Andy’s story

04 Feb 2019

Starting to drink as a teenager, risking his job to fuel his alcohol addiction and spending a lot of time incarcerated in various prisons across the UK, Andy never thought his lifestyle would change. In 2019, Andy is now over three years sober and starting full-time employment. Read his story.

I was born in Watford, next to the football ground. I am an only child and Mum and Dad were protective. I had a happy childhood, plenty of friends, but always felt lonely.

When I was 9 or 10, Nan had a stroke and died. I was heartbroken. I wasn’t allowed to go to the funeral and I was resentful of Mum and Dad about this. I never did say goodbye (this is on my to do list).

When I went to secondary school, I had one solid mate. This is where my drinking started. We would go around each other’s houses when our parents were out and raid the alcohol. We progressed to parties – drinking quickly and throwing up. We found this funny.

It was never enough though. We used to rob lead off the old brewery and sell it to buy alcohol. We started going to pub at 15, no ID needed, 33p a pint then.

When I left school, I had just a few CSEs. I started work, which was great – regular income, I could go to the pub every day and go to the football.

I got a job as a chef. Unlimited alcohol was always drunk at work. This continued most of my working life.

I moved away to work in a hotel – my drinking got worse and I lived in a caravan in a pub car park. When the hotel went bust, Dad came to pick me up but he had to go around all the pubs to find me.


I felt like I was part of something, being part of the football violence thing. I drank Newcastle Brown Ale and it made me more aggressive. I felt I belonged.

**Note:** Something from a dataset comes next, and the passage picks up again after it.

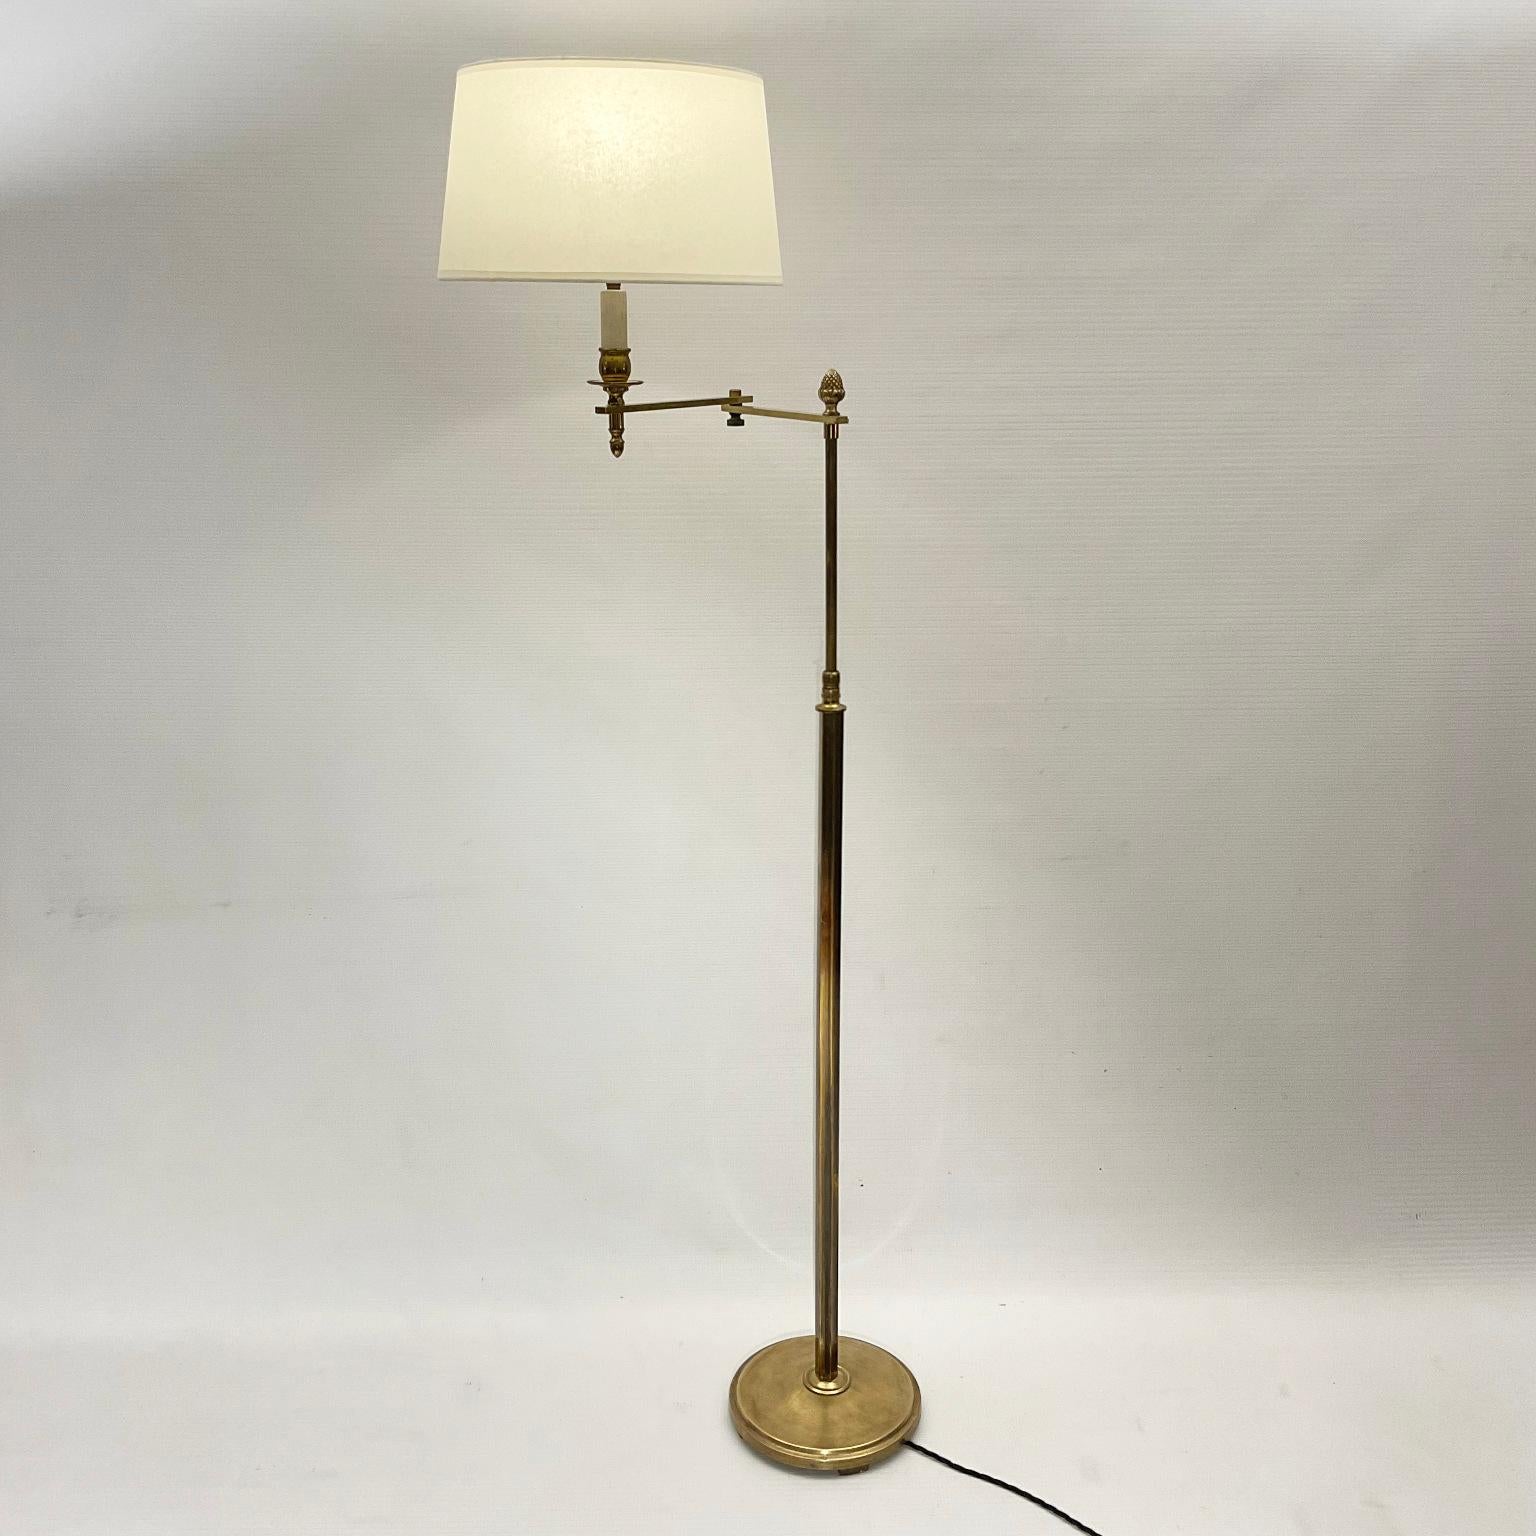 1960s brass reading floor lamp called

Outside the football season, I travelled across Europe. I drank cheap wine and vodka and slept wherever I wanted.

Attempting domestic life

When me and my girlfriend became an item, we got bedsit together. Mum and Dad were happy. I moved out on the Sunday, went back the next day and my bedroom was a dining room. I was so angry I went on the vodka for days.

A year later, I went to India with a mate. We took some whiskey with us – drank over half of it

and sold the rest watered down. But this backfired and we got shot at whilst in a taxi.

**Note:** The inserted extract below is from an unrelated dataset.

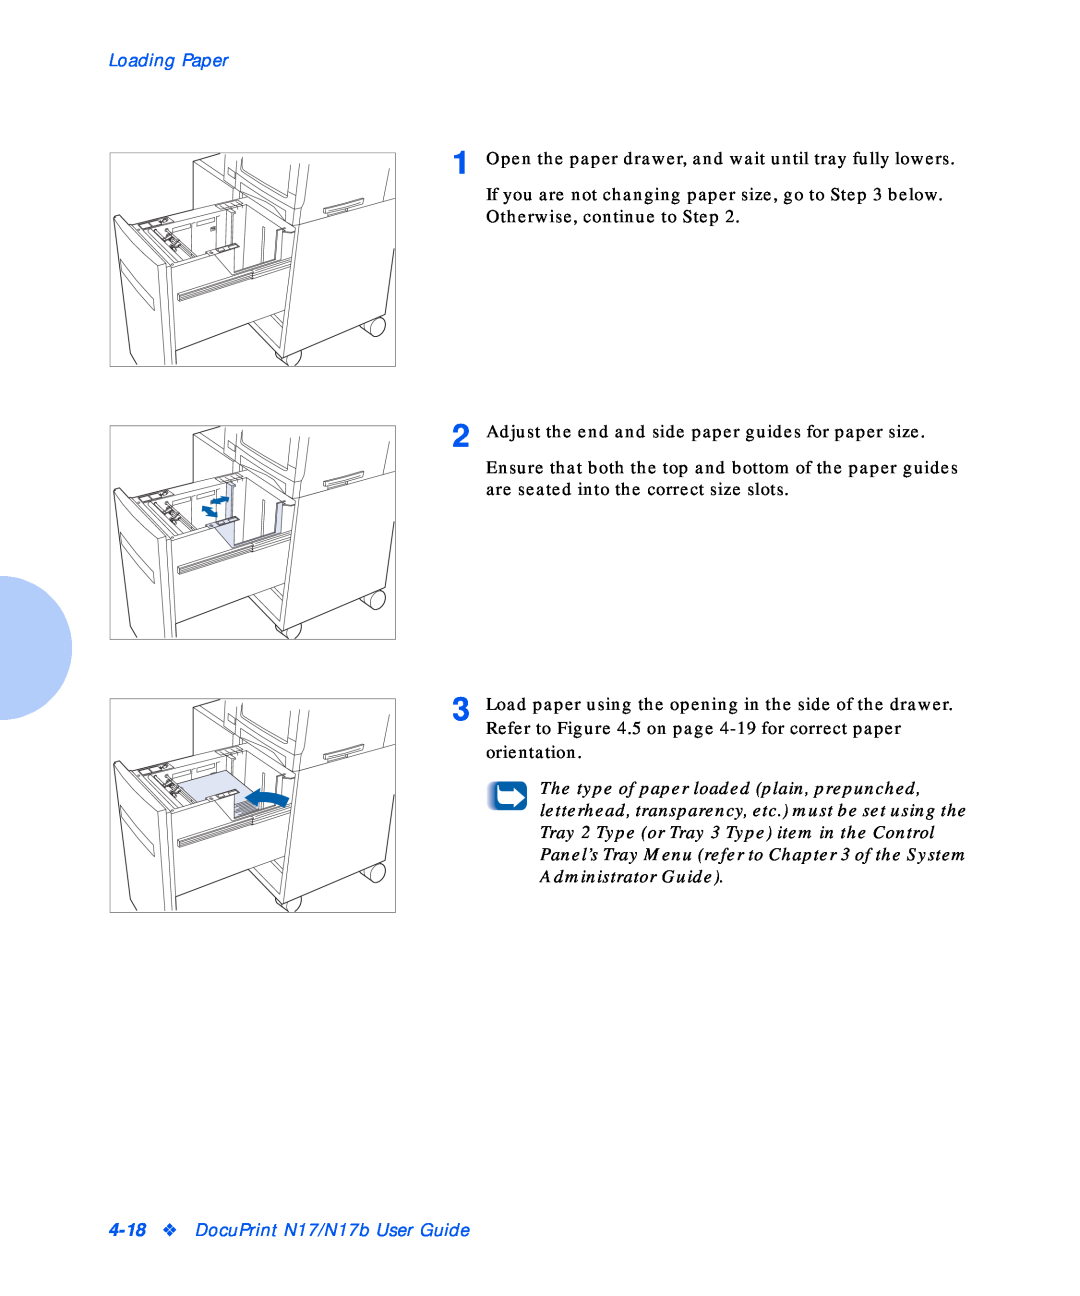 Xerox manual Loading Paper, DocuPrint N17/N17b User Guide

When I got back from India, my girlfriend was pregnant and I struggled with it. When my first son was born, we were evicted from the bedsit and got a council house. Mum and Dad moved to the south coast. I wasn’t happy.

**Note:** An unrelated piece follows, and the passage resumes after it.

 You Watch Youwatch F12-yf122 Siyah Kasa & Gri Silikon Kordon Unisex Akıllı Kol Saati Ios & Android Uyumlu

I got a more secure job as a lab technician and was there for 10 years. I couldn’t get a drink at work so took to inhaling ethanol. My second son was born and I was still at it, getting drunk most days.

During the 1998 World Cup, I did my first disappearing act and went down to Cornwall. We argued when I got back and she was pregnant again.

I got a job as courier in London but I got into a few accidents and was lucky not to be breathalysed.

Then my daughter was born. I adored her. I said to myself, “I’ve got to stop” but I just carried on.

We got married but things were bad. I wasn’t paying bills and was getting loans. We had a mortgage. Then my wife was pregnant again. Another son.

The Mrs found out about the unpaid bills. She told me I was an alcoholic, but I was in denial. I left the family home completely, got a new job as a chef and lived above a bar. Six months later, we got back together. I never understood why she had me back.

We moved to Norwich. It was a new adventure for me – new pubs to explore. I got a job in a pub with unlimited access to alcohol. I didn’t come home a lot of the time – used to go back to work late at night, with workmates, when lines were being cleaned to drink slops.

One night, I went to a party. I can’t remember much but I woke up on the beach. That’s when my family life finished.

Moving around

Moving – or being moved – to places across the UK became part of my life.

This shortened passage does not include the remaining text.